> _ACTIVITY_:
Give back exactly the lines starting at the one with "concrete ron shenkin first floor plan" and ending at the last line of the data below. Pictures are not part of the copy.

> _RECORDED INFORMATION_:

▽

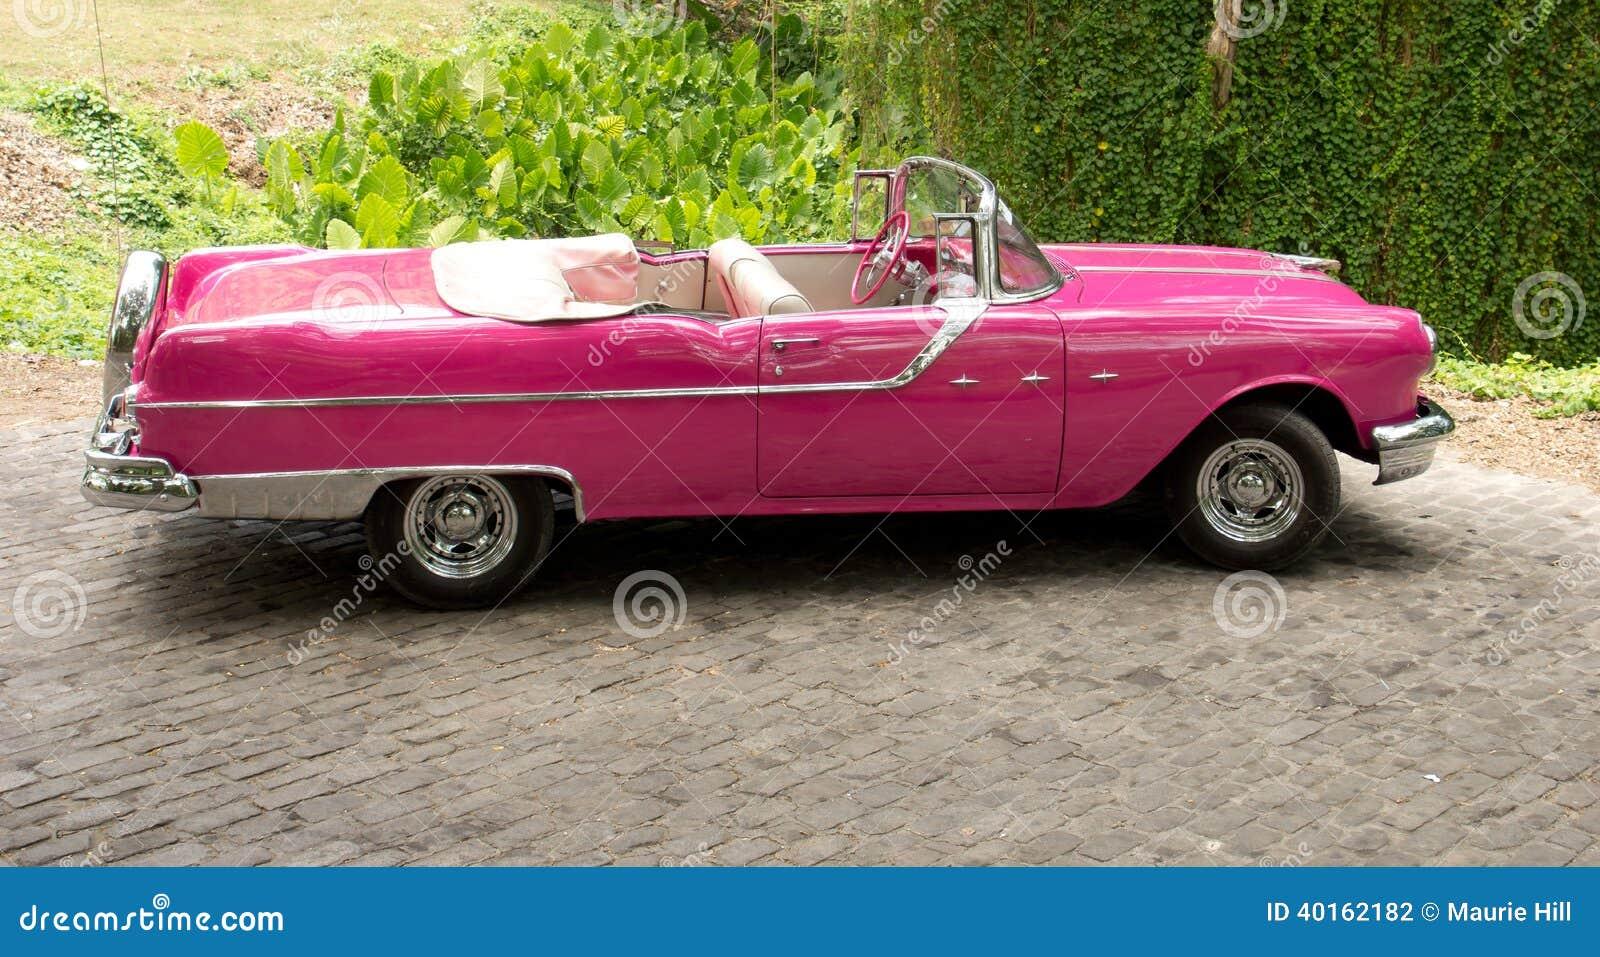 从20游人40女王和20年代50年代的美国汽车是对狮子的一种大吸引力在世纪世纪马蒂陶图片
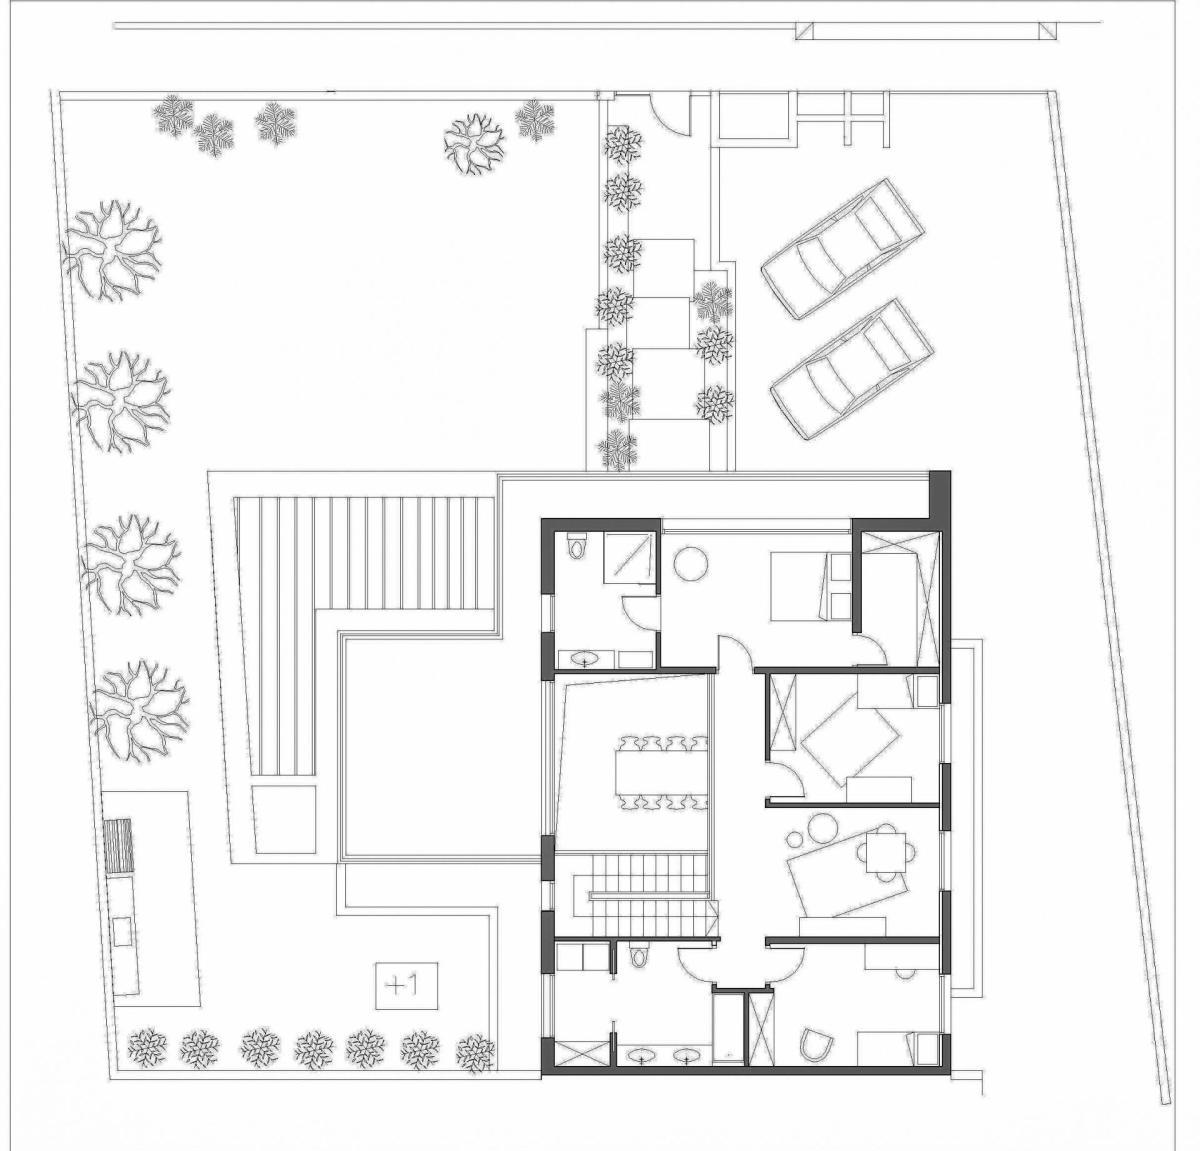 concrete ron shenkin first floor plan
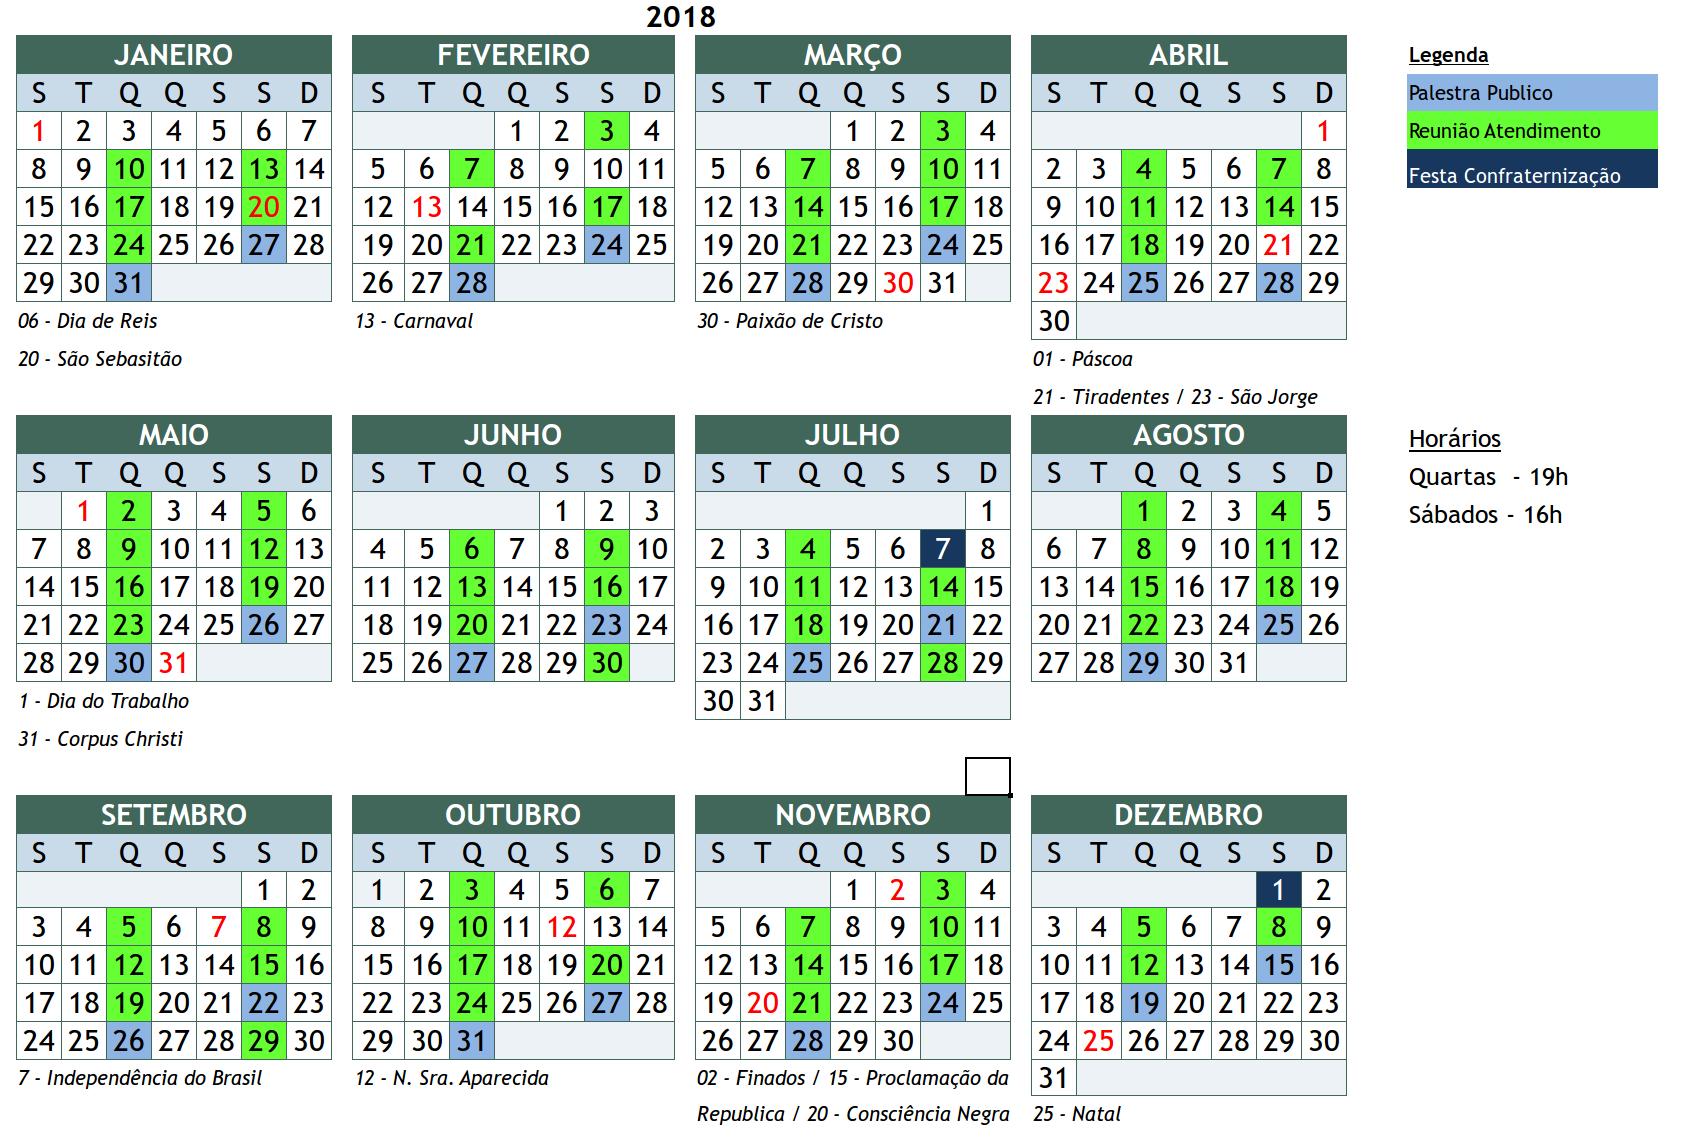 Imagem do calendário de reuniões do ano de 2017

△

> _COMPLETED EXERCISE_:
 concrete ron shenkin first floor plan
 Imagem do calendário de reuniões do ano de 2017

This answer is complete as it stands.